Dividends may be paid in cash, in property, or in shares of the capital stock or
other securities.

         Section 2. Reserves. Before payment of any dividend, there may be set
aside out of any funds of the corporation available for dividends such sum or
sums as the board of directors from time to time, in their absolute discretion,
thinks proper as a reserve or reserves to meet contingencies, or for equalizing
dividends, or for repairing or maintaining any property of the corporation, or
for such other purpose as the board of directors shall think conducive to the
interest of the corporation, and the board of directors may modify or abolish
any such reserve in the manner in which it was created.

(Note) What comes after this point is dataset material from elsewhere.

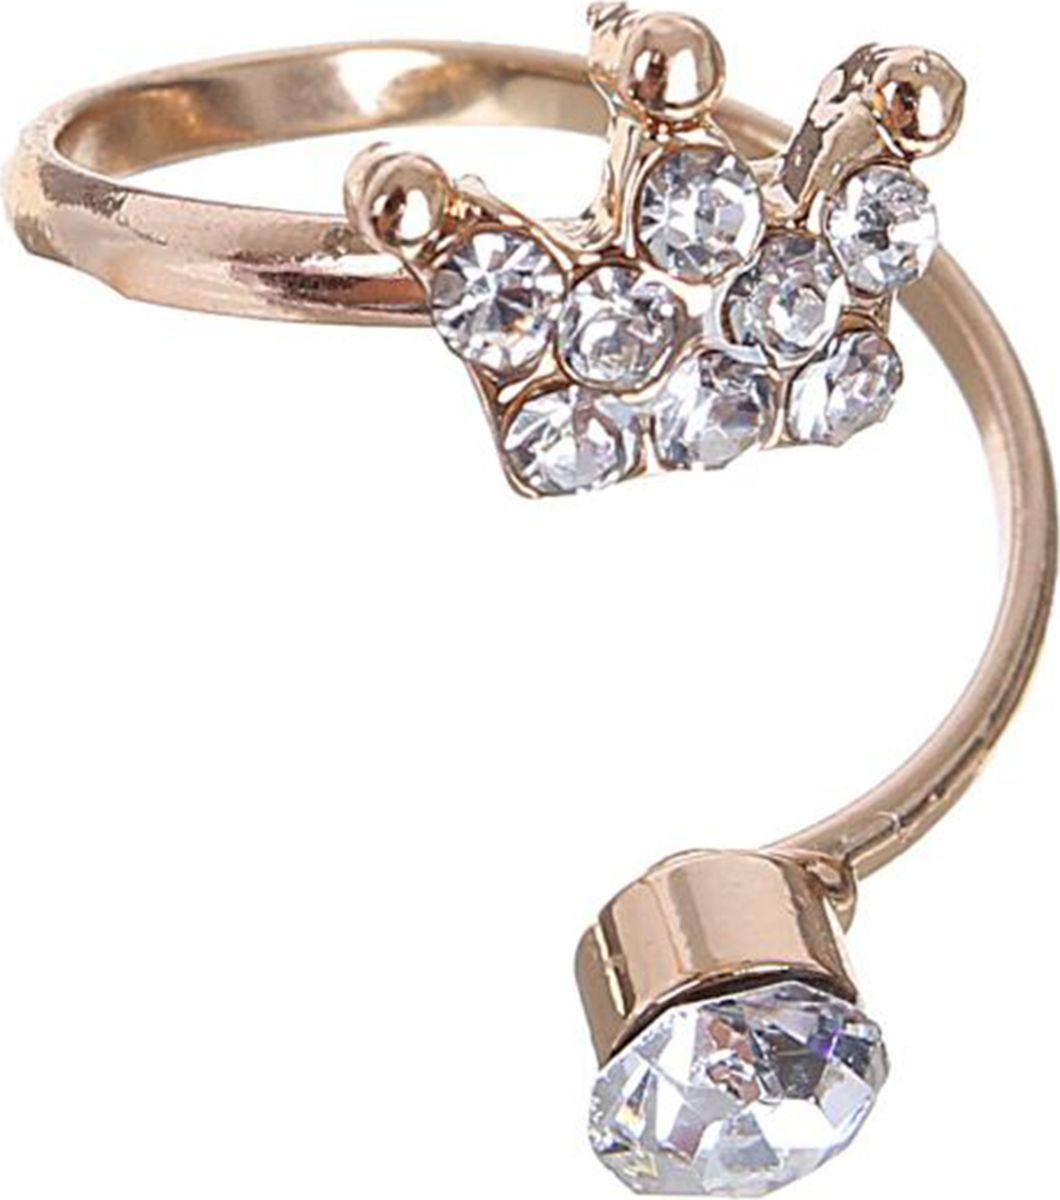 Кольцо Mitya Veselkov Корона, цвет: золотистый. 15033491503349Оригинальное кольцо Mitya Veselkov Корона изготовлено из гипоаллергенного бижутерного сплава. Изделие выполнено в виде короны с вкраплениями из страз.

         Section 3. Annual Statement. The board of directors shall present at
each annual meeting, and at any special meeting of the stockholders when called
for by vote of the stockholders, a full and clear statement of the business and
condition of the corporation.

         Section 4. Checks. All checks or demands for money and promissory notes
of the corporation shall be signed by such officer or officers or such other
person or persons as the board of directors may from time to time prescribe.

         Section 5. Corporate Contracts and Instruments. The president, any vice
president, the secretary or the treasurer may enter into contracts and execute
instruments on behalf of the corporation. The board of directors, the president
or any vice president may authorize any officer or officers, and any employee or
employees or agent or agents of the corporate or any of its subsidiaries, to
enter into any contract or execute any instrument in the name of and on behalf
of the corporation, and such authority may be general or confined to specific
instances.

         Section 6. Fiscal Year. The fiscal year of the corporation shall end
December 31 of each year, unless subsequently redetermined by the board of
directors.

         Section 7. Corporate Seal. The corporate seal shall have inscribed
thereon the name of the corporation, the year of its organization, and the word
"Delaware." The seal may be used by causing it or a facsimile thereof to be
impressed, affixed, reproduced or otherwise.

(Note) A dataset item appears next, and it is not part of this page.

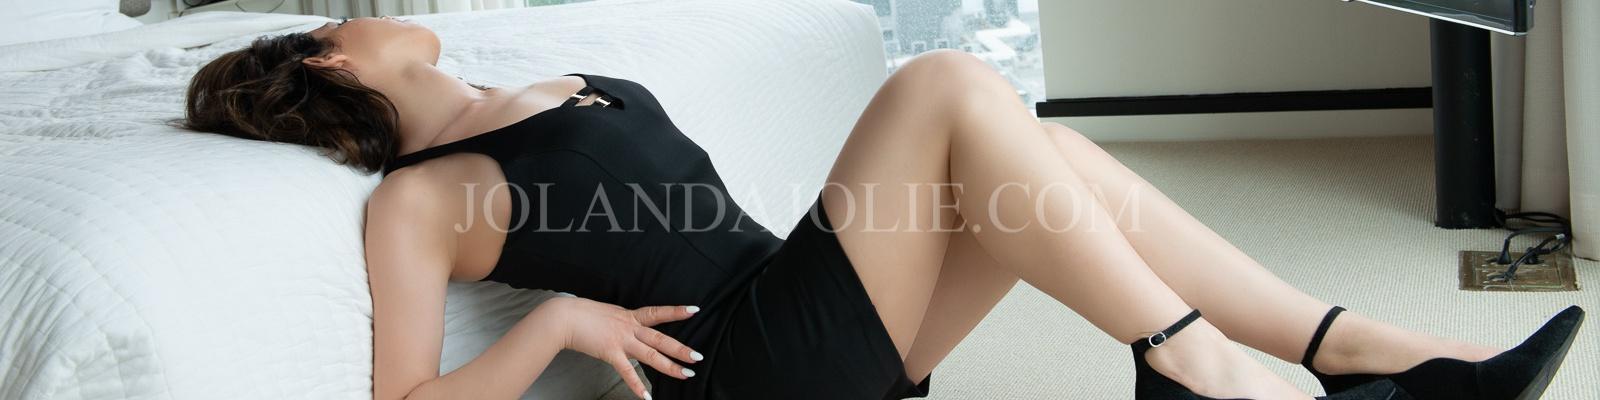 Jolanda Jolie Escort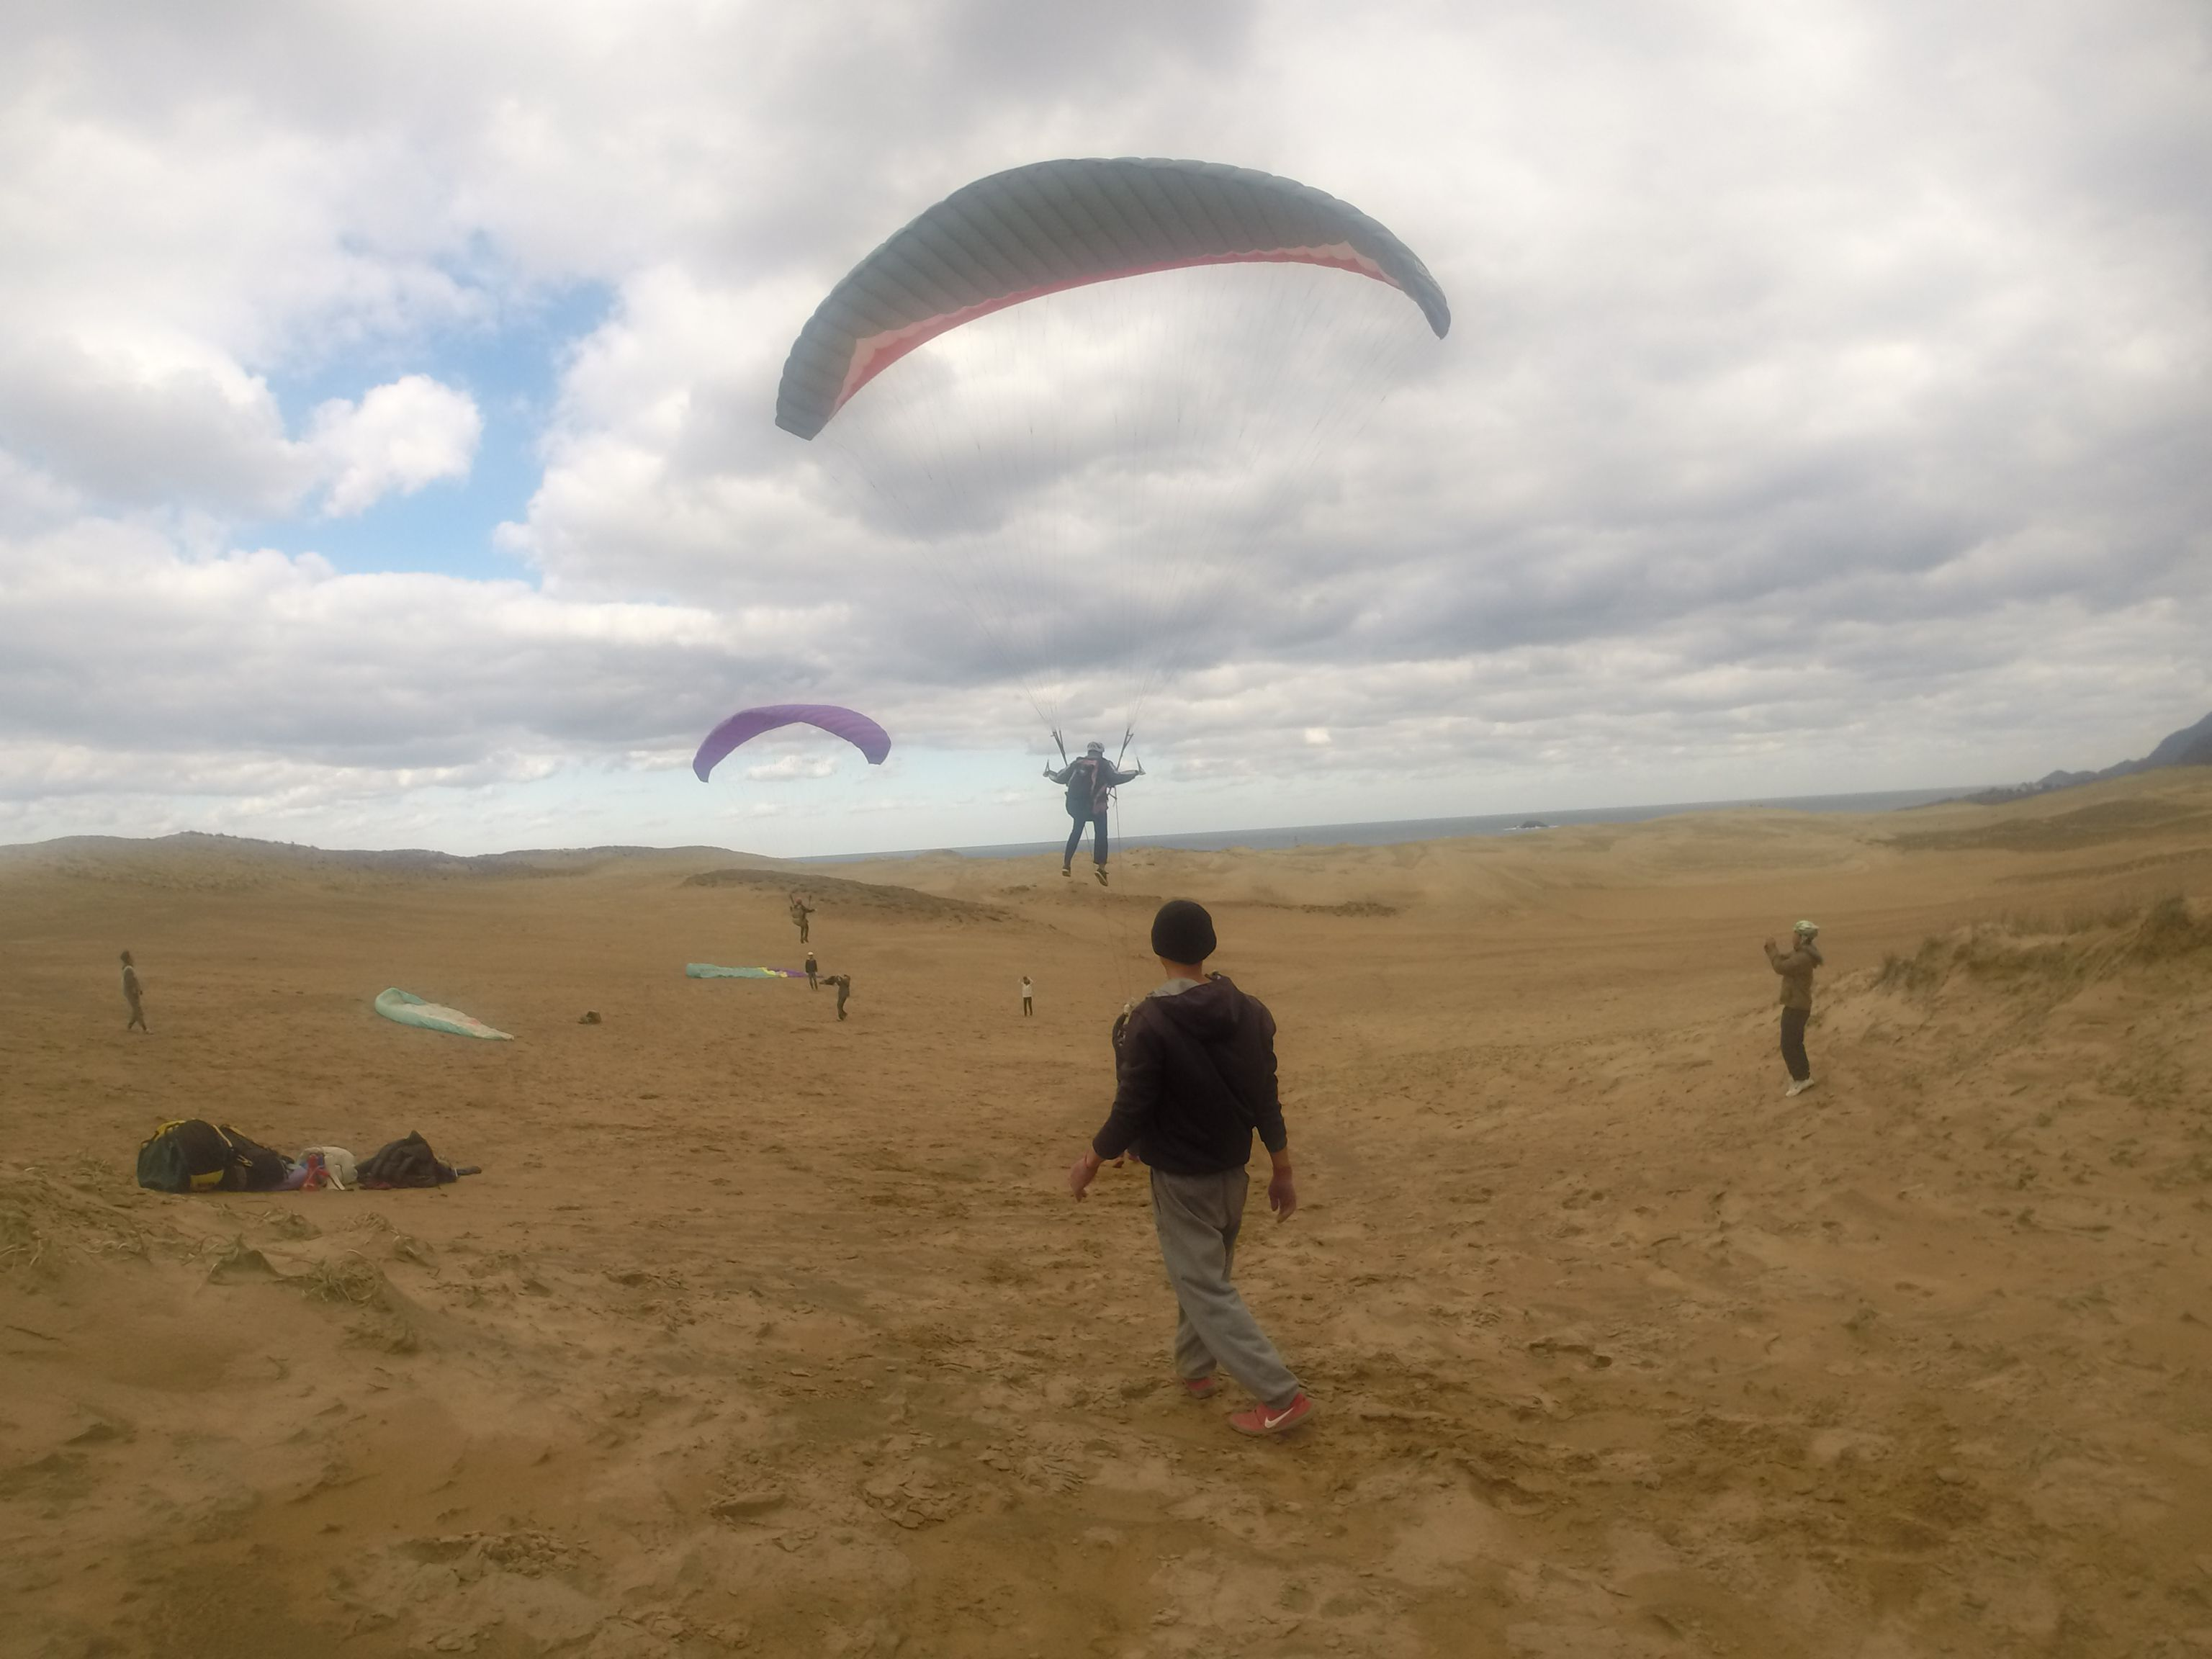 仲間や家族と一緒に飛ぶランデブーフライト

                                      -15-
<PAGE>   19

         Section 8. Certificate of Incorporation. These bylaws are subject to
the terms of the certificate of incorporation of the corporation.

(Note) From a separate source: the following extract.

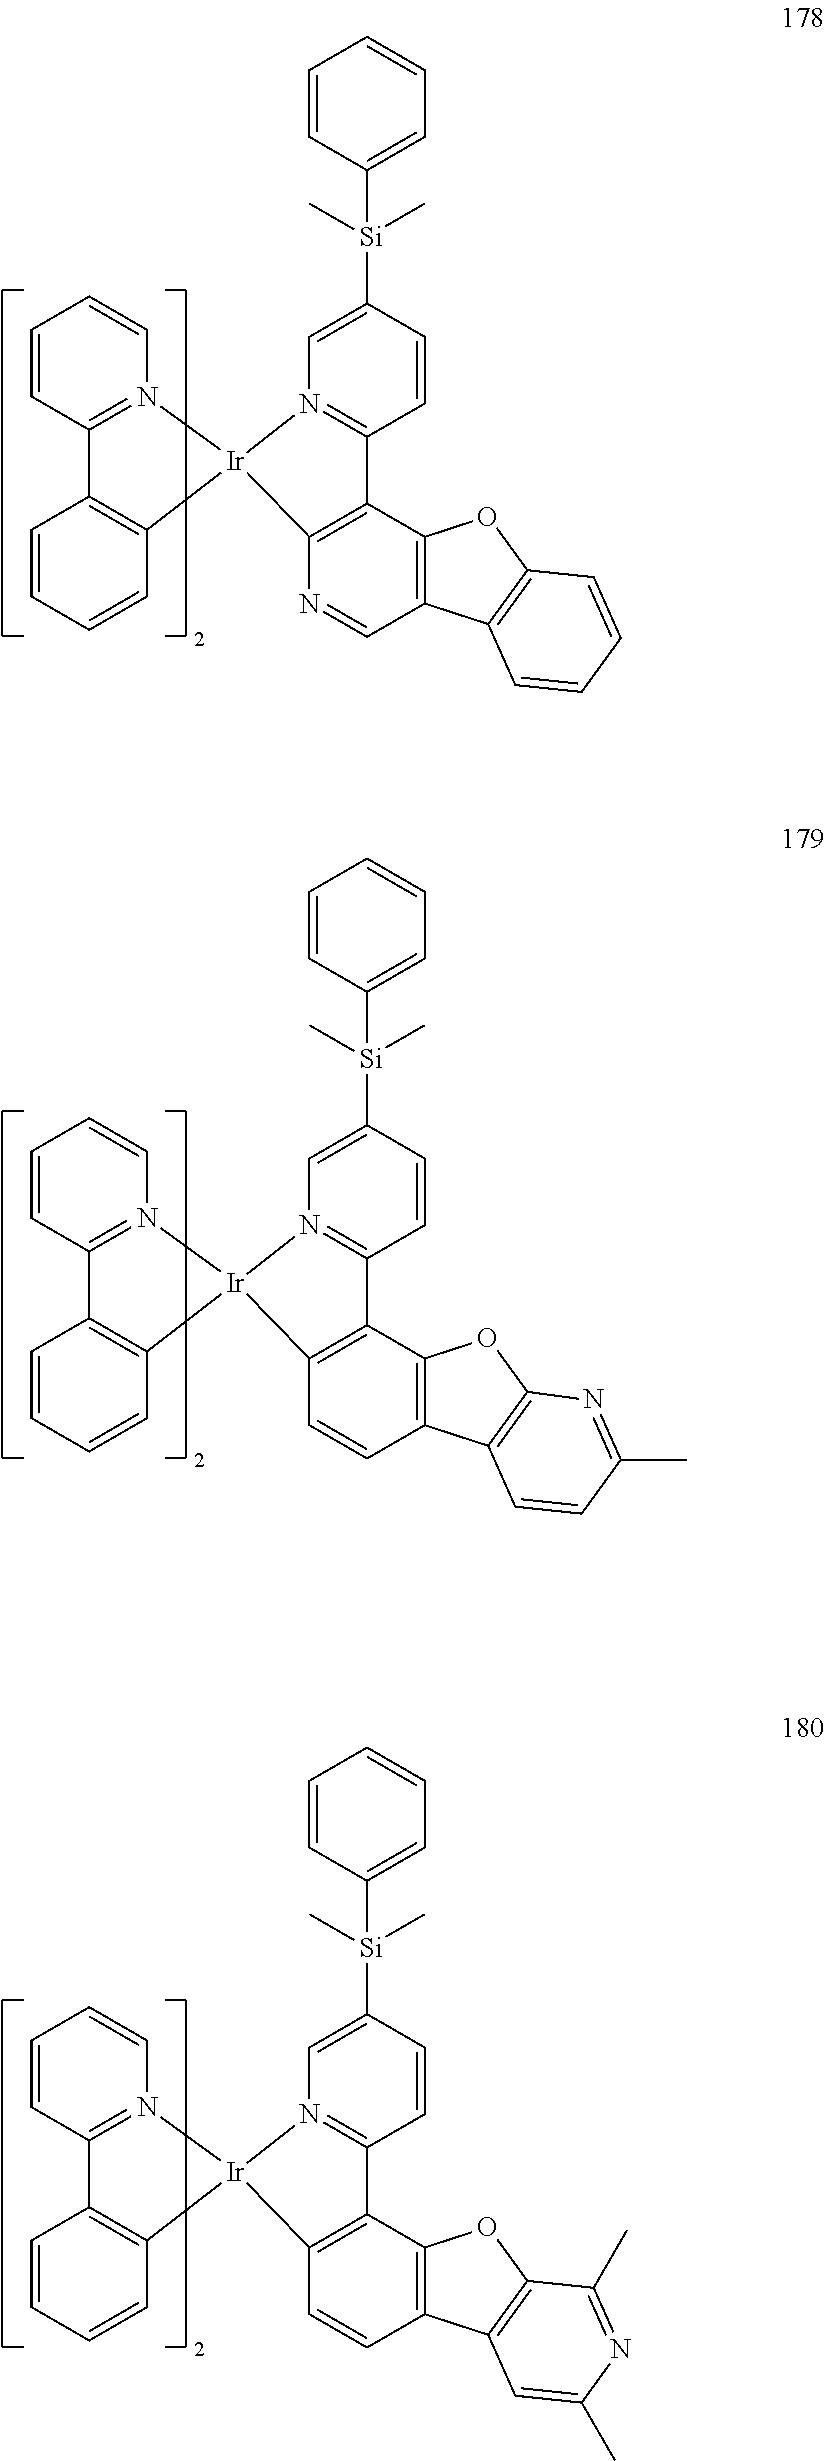 Figure US20160155962A1-20160602-C00380

                                   ARTICLE IX

                                   Amendments

         Section 1. Amendment by Directors. Except any amendment to this Article
IX and to Article II, Section 4, Article II, Section 11, Article III, Section 3,
Article III, Section 6, Article VI, Section 1 and Article IV, Section 1 of these
bylaws, or any of such provisions, which shall require approval by the
affirmative vote of directors representing at least 75% of the number of
directors provided for in accordance with Article III, Section 2, and except as
otherwise expressly provided in a bylaw adopted by the stockholders as
hereinafter provided, the directors, by the affirmative vote of a majority of
the whole board and without the assent or vote of the stockholders, may at any
meeting, make, repeal, alter, amend or rescind any of these bylaws, provided the
substance of the proposed amendment or other action shall have been stated in a
notice of the meeting.

         Section 2. Amendment by Stockholders. These bylaws may not be altered,
amended or rescinded, and new bylaws may not be adopted, by the stockholders of
the corporation except by the vote of the holders of not less than 75% of the
total voting power of all shares of stock of the corporation entitled to vote in
the election of directors, considered for such purpose as one class.